Provided material:
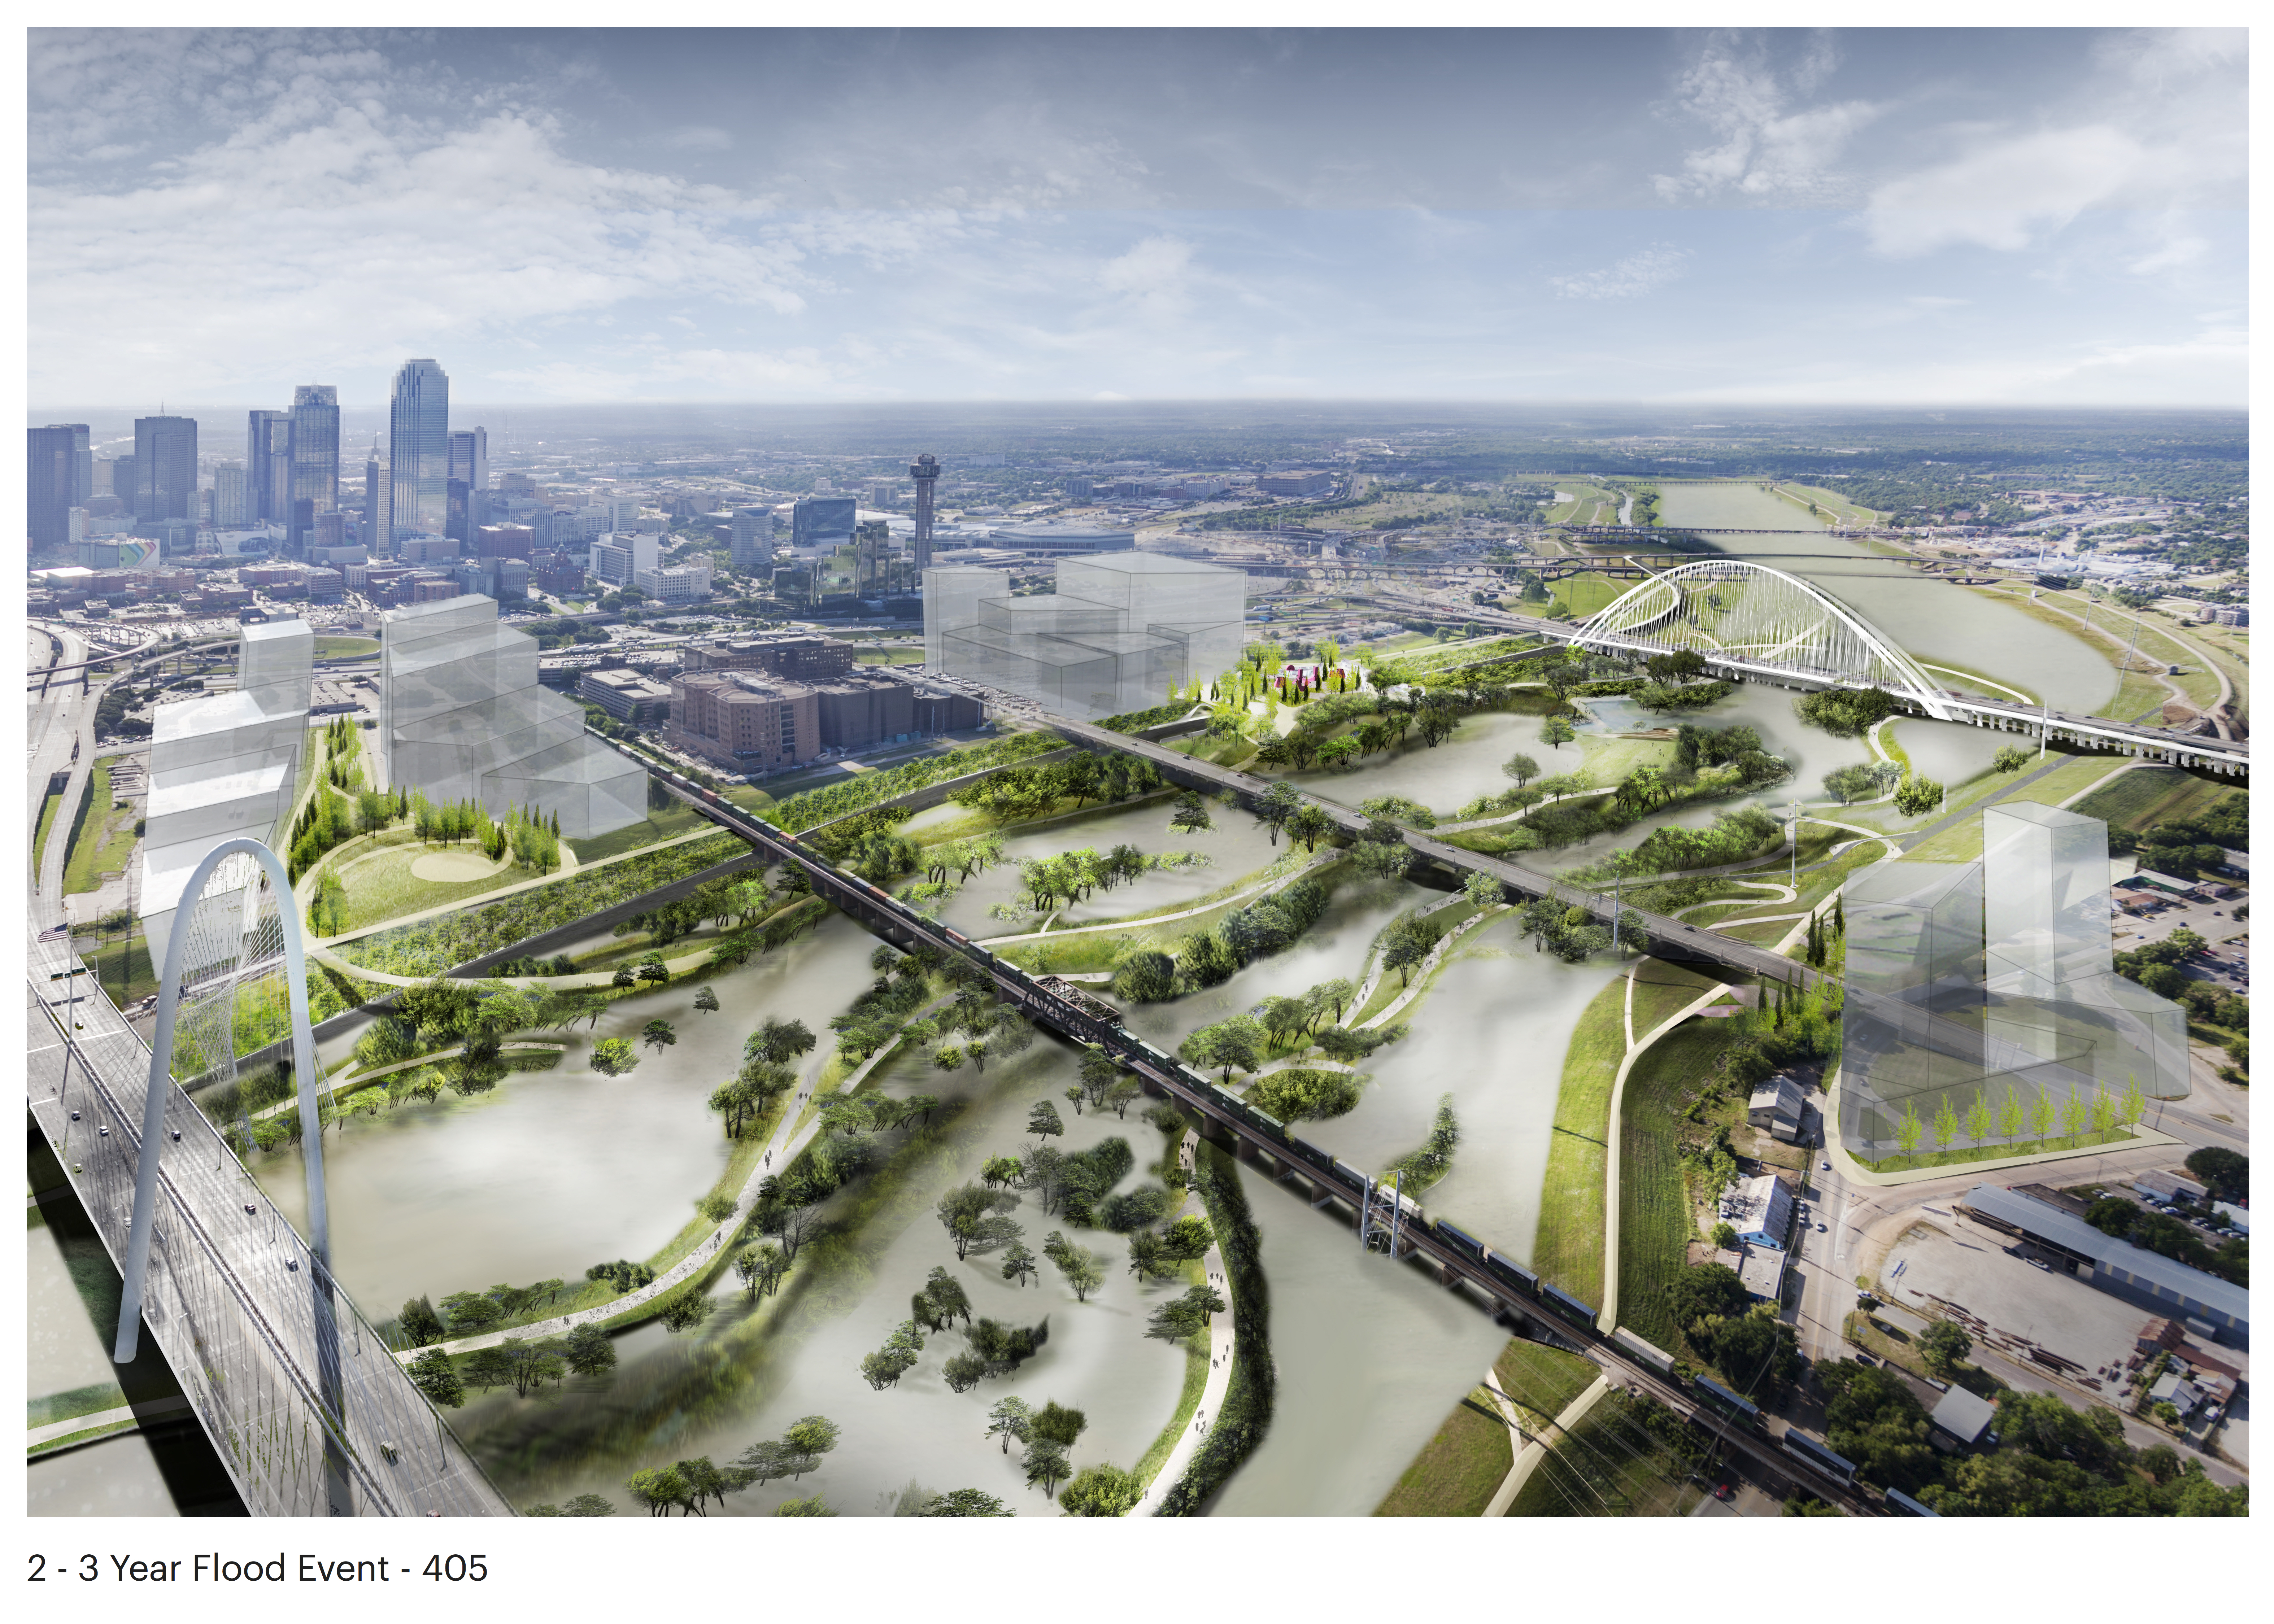 Trinity River floodplain set to become one of nation’s largest and greenest urban parks
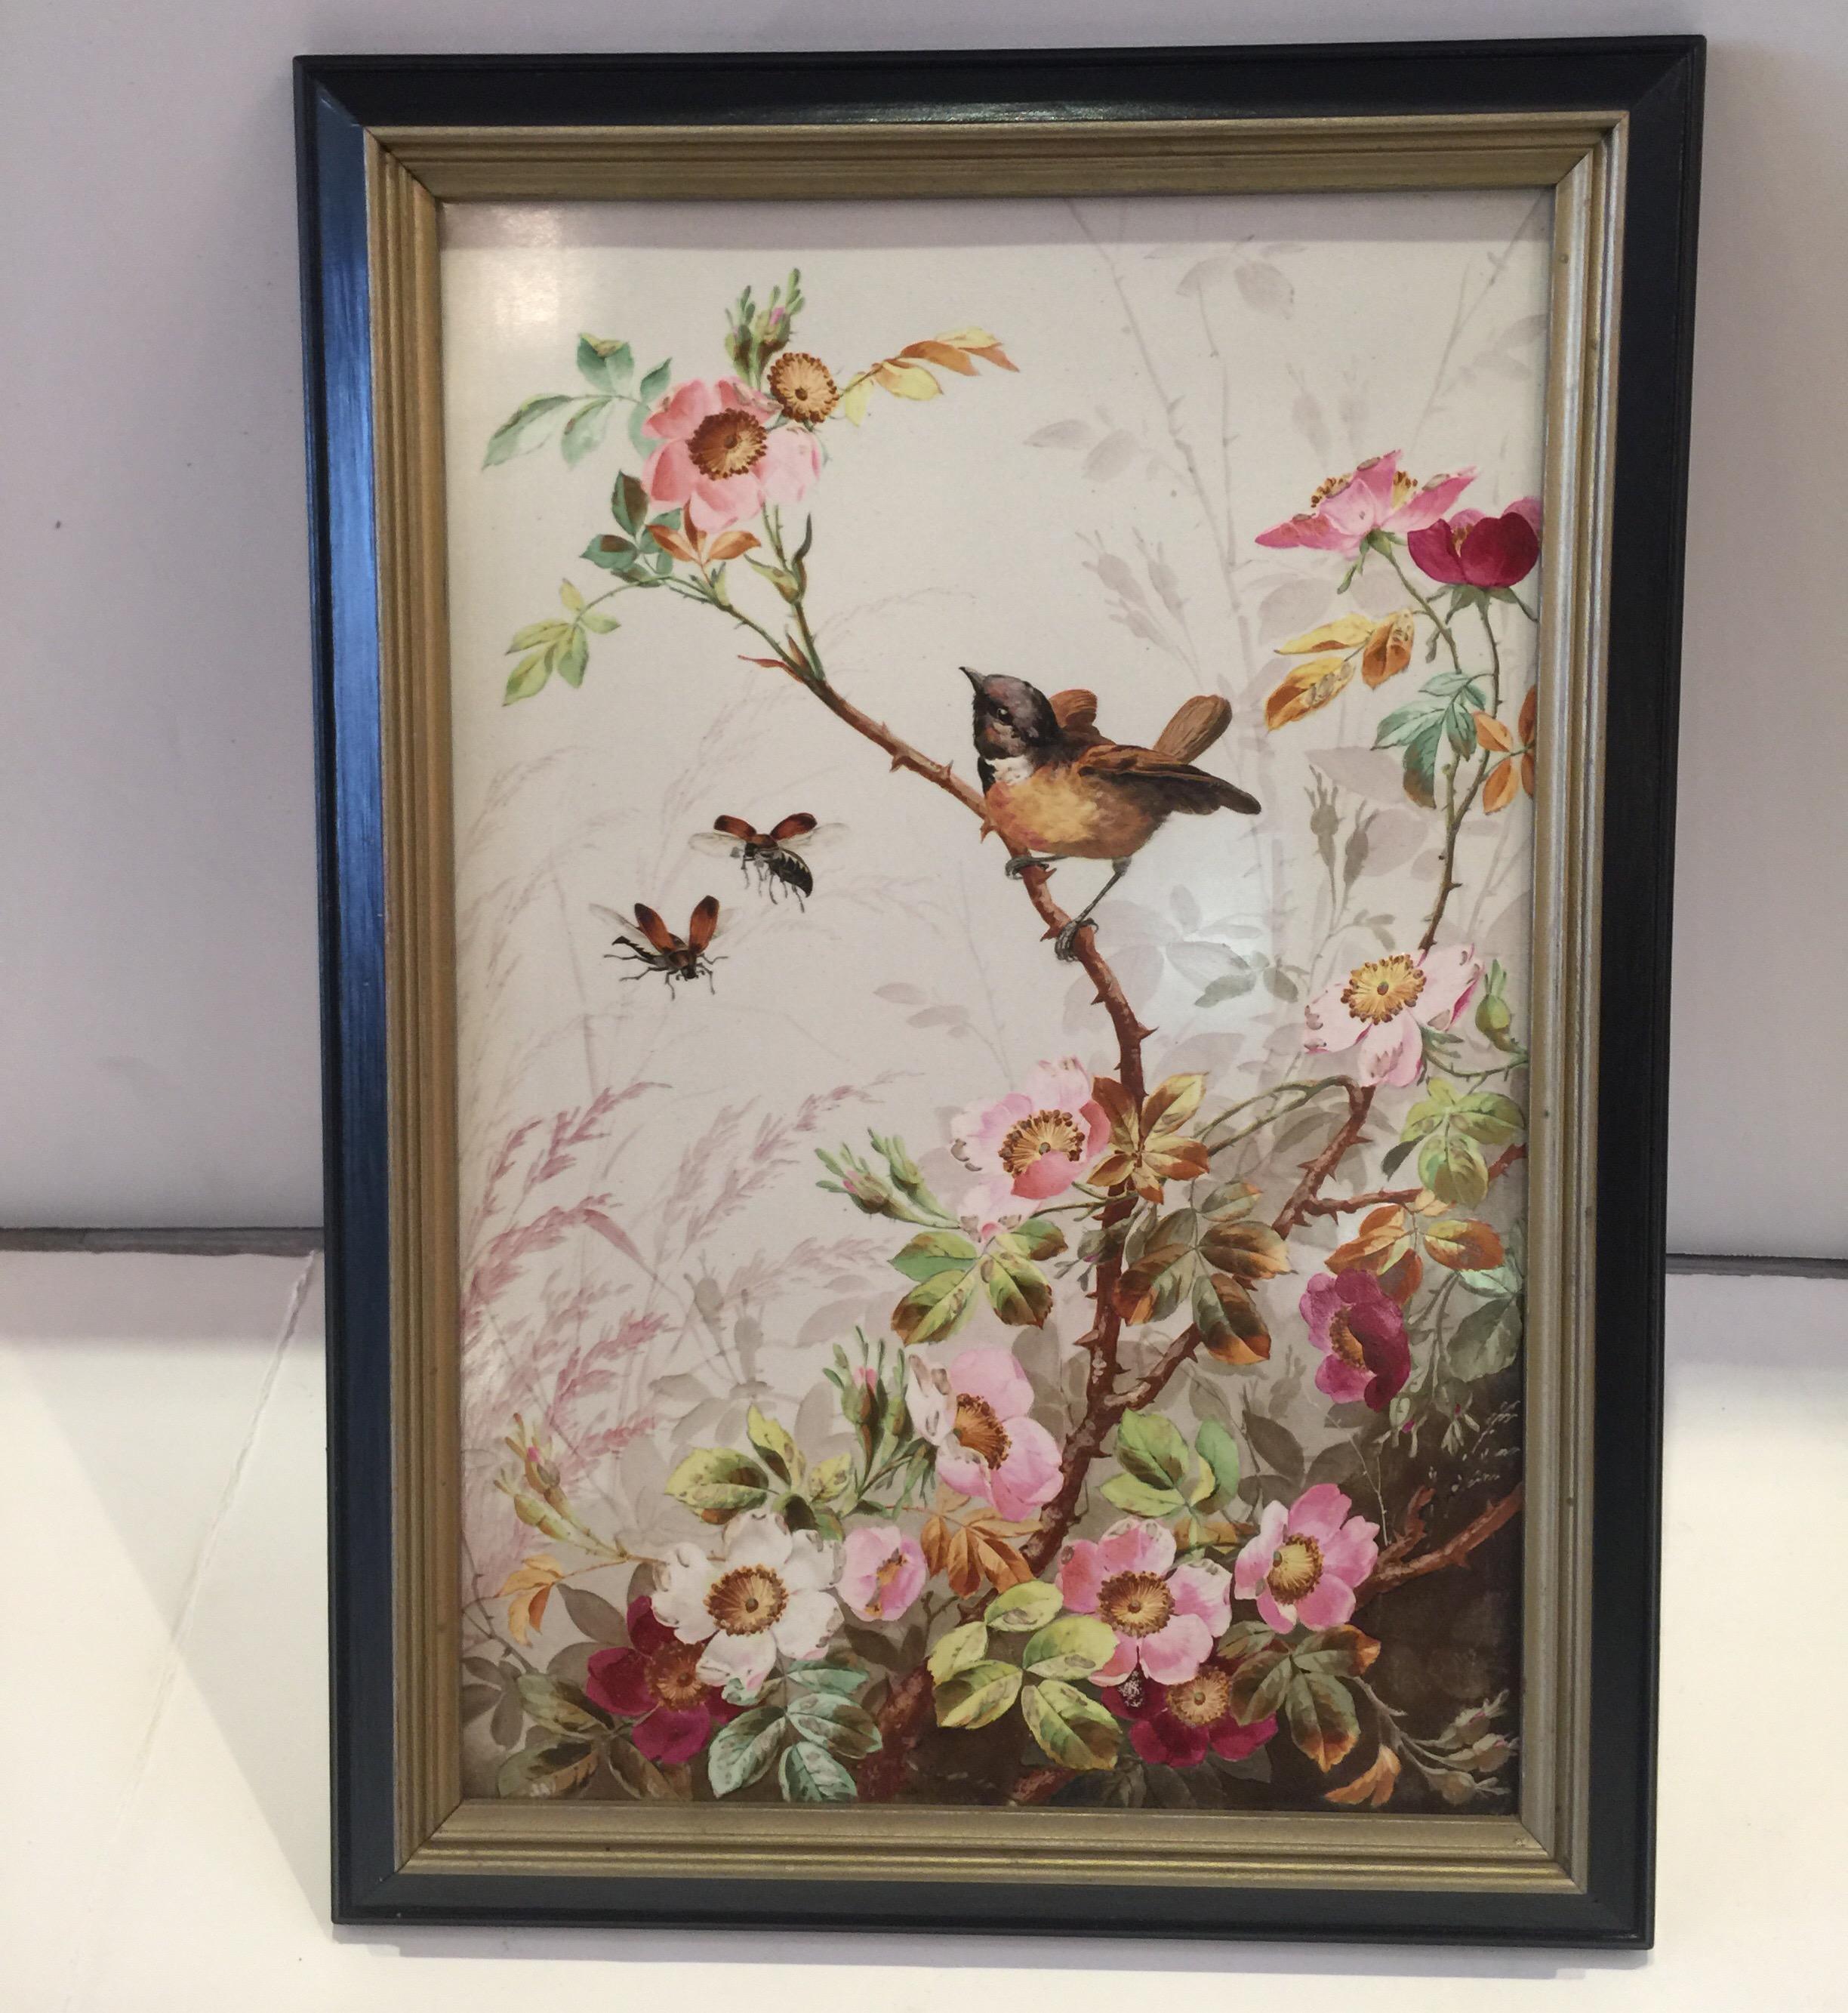 Charming Victorian hand painted Porcelain tile of a bird and two bees with flowers,
circa 1880-1890 European origin, very good painting
Dimensions: 14.5

What the task requires: Reproduce, word for word, every line from the one that contains "Charming Victorian hand" to the end of the data, including both ends; omit all pictures.

Result of this exercise:
 Charming Victorian hand painted Porcelain tile of a bird and two bees with flowers,
circa 1880-1890 European origin, very good painting
Dimensions: 14.5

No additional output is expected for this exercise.